Tag Archives: Active Defense

Ethics versus economics for security research

Independent security researchers often have a reputation as narcissistic vulnerability pimps (true or not), but the environment which has evolved around information security largely drives this. This came to a head for me tonight in a Twitter discussion kicked off by Steve Werby:

Creating an exploit can often pay anywhere between 1k and 100k (or possibly more in specific circumstances), depending on the researcher’s choice of market and product (or technology). This even affects areas that many users believe unrelated, like mobile OS jailbreaks, which essentially consist of exploits to gain root control despite the operating system’s best efforts to the contrary.

No equivalent market exists for threat-related research. Freelance malware analysts don’t have similar economic drivers because organizations with an interest in this information generally do the research themselves. You can’t monetize malware or attribution the same way. Put another way, nobody believes that Krebs and Danchev get rich from what they do. I don’t think we can “fix” this with the market, although I’d welcome discussion of ideas or evidence to the contrary. But we need to recognize this when thinking about issues around software security and threat identification.

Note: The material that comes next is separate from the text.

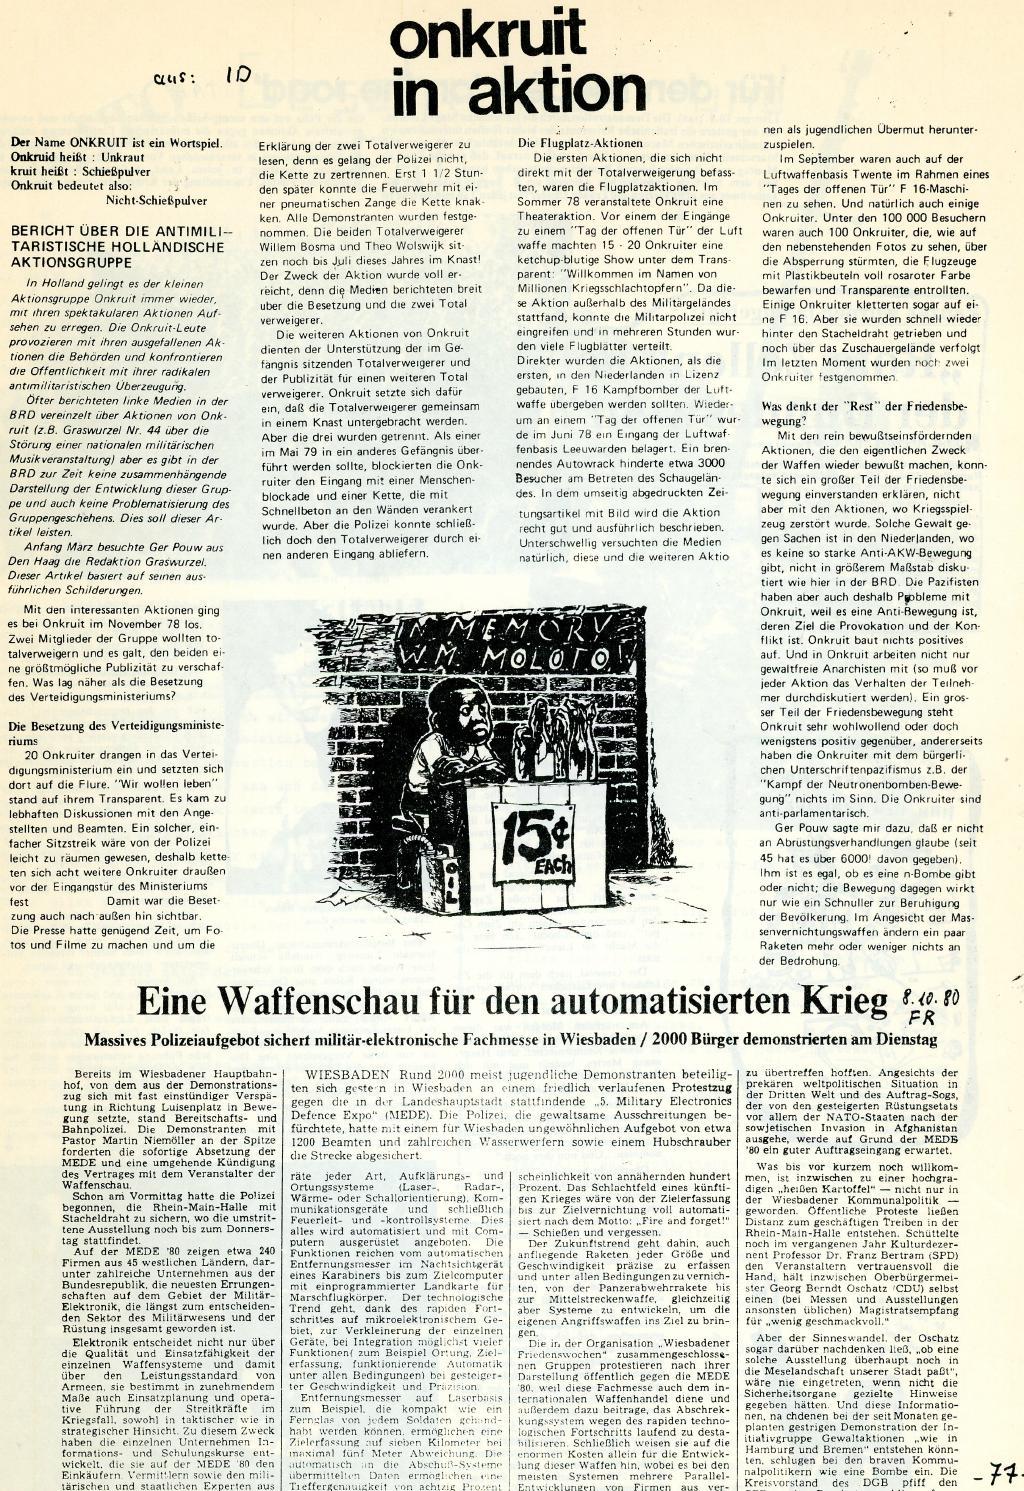 Bremen_1980_NATO_Broschuere_77

Believing that security, on its own, adds value often turns into a form of the broken windows fallacy. And creating artificial demand for threat intelligence could lead to all sorts of perverse incentives. Some of the same organizations interested in purchasing vulnerabilities and exploits might have an interest in highly-focused intelligence, such as espionage on particular threat groups, but at this point the line between “offense” and “defense” becomes very fuzzy.

I’d love to hear alternate viewpoints and suggestions on where this can go.

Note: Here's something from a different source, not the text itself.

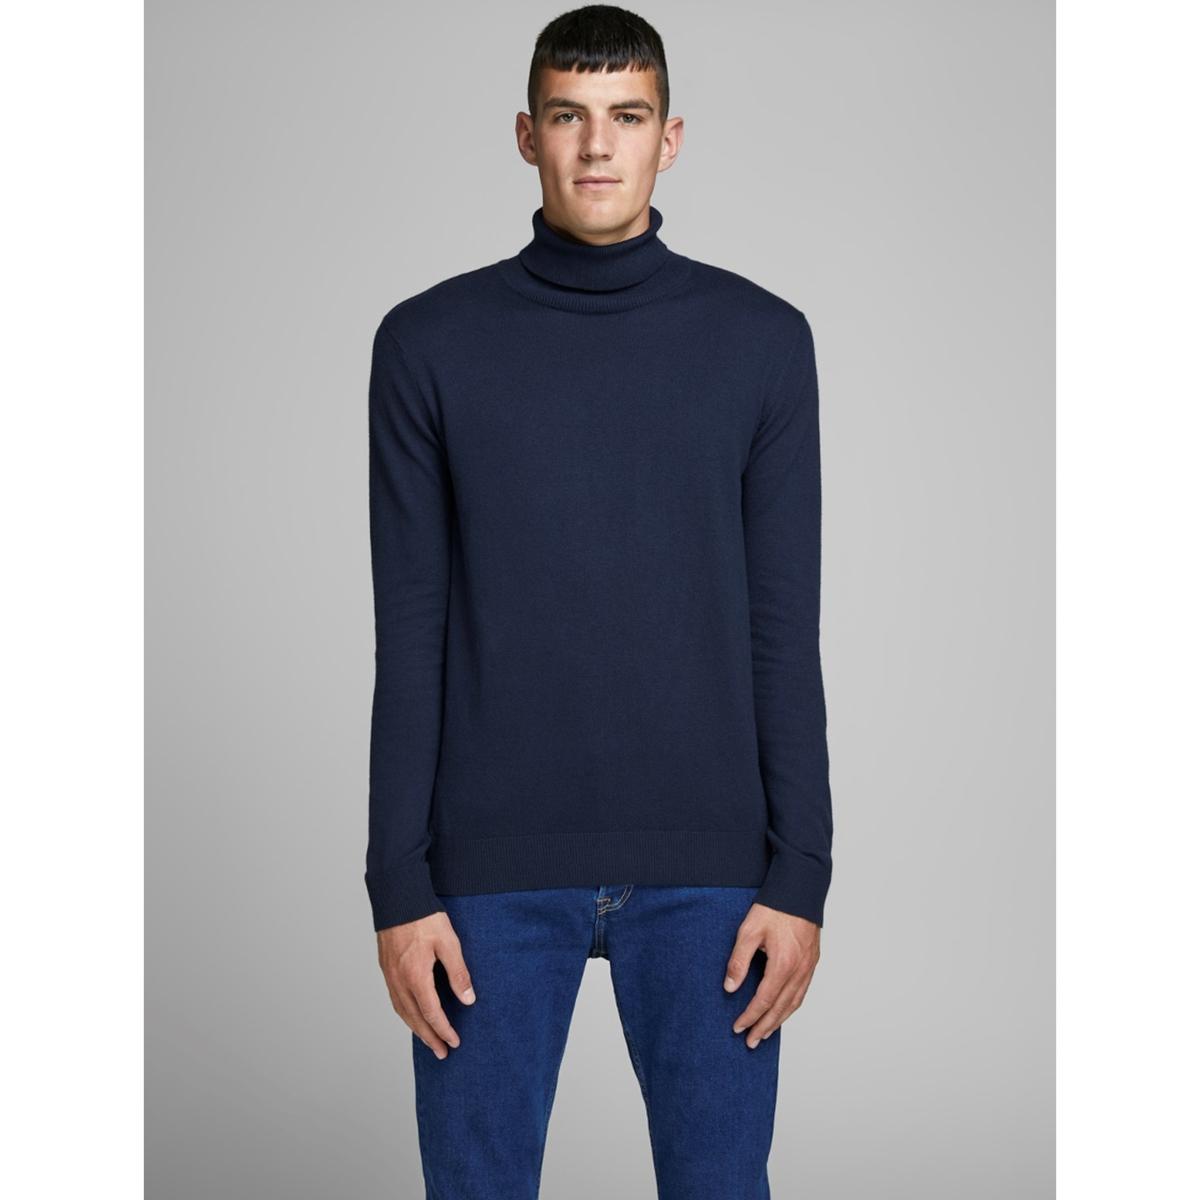 Пуловер LaRedoute С круглым вырезом из хлопка Jjeemil XXL синий

Brain dump of DFIR and network security research ideas

Maybe I could get more of these done with this.

Maybe I could get more of these done with this.

I’ve seen several people talk about lacking ideas for research projects, often around DFIR or network security. Personally, I have the opposite problem: endless ideas for projects, often with the barest hint of a start, but not enough time to pursue them all. So I thought I’d publish a bit of a brain dump. I actually have made good progress on a few of these, and I have concrete plans around others (beyond just “wouldn’t it be cool if…”), but in any case I’d love to see other people pick them up and run with them.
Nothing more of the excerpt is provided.